“張大哥,你怎么來了?”
江丹若穿得一如既往的樸素,洗得發白的藍色土布褂衣,長長的黑發挽成一個松松的斜麻花辮,沒有任何裝飾,整個人卻依舊秾艷奪目又格外干凈清新,讓人移不開目光。
一見到他,紅唇一彎就露出笑容。
那溫柔明媚,歲月靜好的樣子,和他那天天陰云密布的參謀長完全是兩個極端。
張為民輕咳一聲,抵御著這極致美貌帶來的殺傷力。
“參謀長最近心情不太好,所以我來問一下,你們之間到底怎么了。”
江丹若微微一怔。
都這么久了,他居然還在心情不好嗎。
看來她的坦白,真的很傷他自尊心。
不過,即使如此,他也沒跟她計較,愿意讓她留下來,真的是個很好的人。
“沒怎么啊。他或許是工作上遇到難題了吧,你們最近不是很忙的樣子么。”
江丹若裝傻道。
他那么厚道,她總不能把他被拒絕的事情據實告訴他的下屬吧。
張為民見她口風嚴謹,也沒有強行逼問。
不過,就兩人這截然不同的狀態,也足夠他猜出不少東西了。
也是巧了,他剛找完江丹若的第二天,袁司令就把他叫過去問話了。
“小張,你們參謀長最近不太對勁啊,怎么回事?”
袁司令其實也注意到這情況好些天了,但一直在觀望,見這都持續半個月了,才沒忍住叫了張為民來問個究竟。
張為民有點為難:
“司令,我要是說了參謀長不得把我往死里練啊……”
袁司令瞥了他一眼:
“你不說,現在就好受了?知道癥結,我這當領導的,才好幫著你們想辦法嘛。

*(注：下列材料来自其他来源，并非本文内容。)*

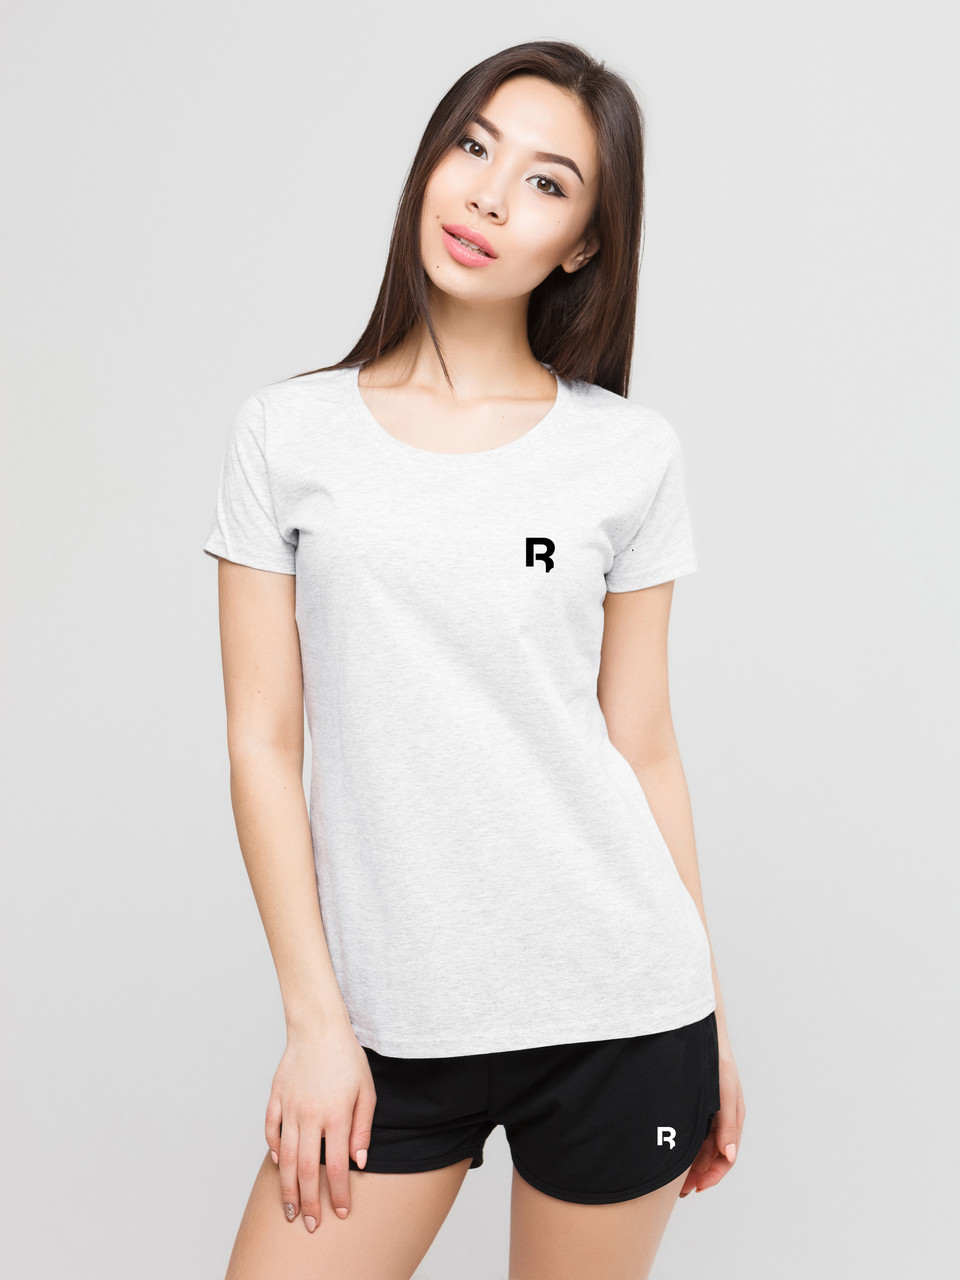 Жіночий комплект Reebok R футболка + шорти, рибок

”
張為民覺得有點道理。
于是把自已知道的情況說了一遍。
當聽到陸承鈞都買了提親的東西帶回家,袁司令倒抽一口冷氣。
他一直知道陸承鈞對他那個小保姆有點特別。
但他覺得,這個狀況距離結婚還早得很,他根本沒必要過早地棒打鴛鴦,不然反而讓這種年輕小子覺得真愛無敵,鐵了心要跟那姑娘在一起。
他不干涉,說不定沒多久他自已就興趣淡了。
完全沒想到,就這短短一兩個月的時間,那小子都差點要結婚了!
“提親這么大的事,你怎么不早點來匯報!”
他皺眉責備道。
“參謀長不準對外說。”張為民很無辜。
袁司令冷哼一聲:
“這小子是打算先斬后奏呢!”
“也不想想,他那結婚申請,第一個就要過我這一關!”
張為民道:
“這不是最終沒成嗎?”
袁司令也松了口氣:
“還好是黃了,不然真得鬧出大事來。”
“所以袁司令,您有什么好辦法嗎?”
張為民搓搓手,期待地問。
袁司令一攤手:
“沒有。這種事只能交給時間。”
然后把滿臉幽怨地盯著自已的張為民趕走了。
牽掛許久的一樁隱憂,自動消失了,袁司令心情很好。
下班哼著小調回家,就迫不及待地把這事告訴了正準備做飯的袁太太。
“老婆,我跟你說個事兒,你可別告訴別人……”
……
“你是說,那個小江竟然把陸承鈞給甩了?”
袁太太聽完,滿臉吃到大瓜的興奮勁兒。
袁司令聽不得這話:
“話不能這么說。承鈞什么條件,那個小江什么條件,她也只能說是有自知之明,知道什么叫齊大非偶。”
袁太太道:
“那也不能改變他被小江甩了的事實!”
袁司令頓時臉黑了,但袁太太不理他,自顧自感嘆道:
“哎喲,這小江年紀輕輕的,可真是有骨氣啊!我可是更欣賞她了……”
正說著,就見袁野大步從門外走了進來。
“媽,你們說什么呢?”
他好奇地問道。
自從上次因為謝雪梅的事情,袁野被他爸當眾打了一巴掌后,人就不經常回來了,性子也變得有些沉默冷淡。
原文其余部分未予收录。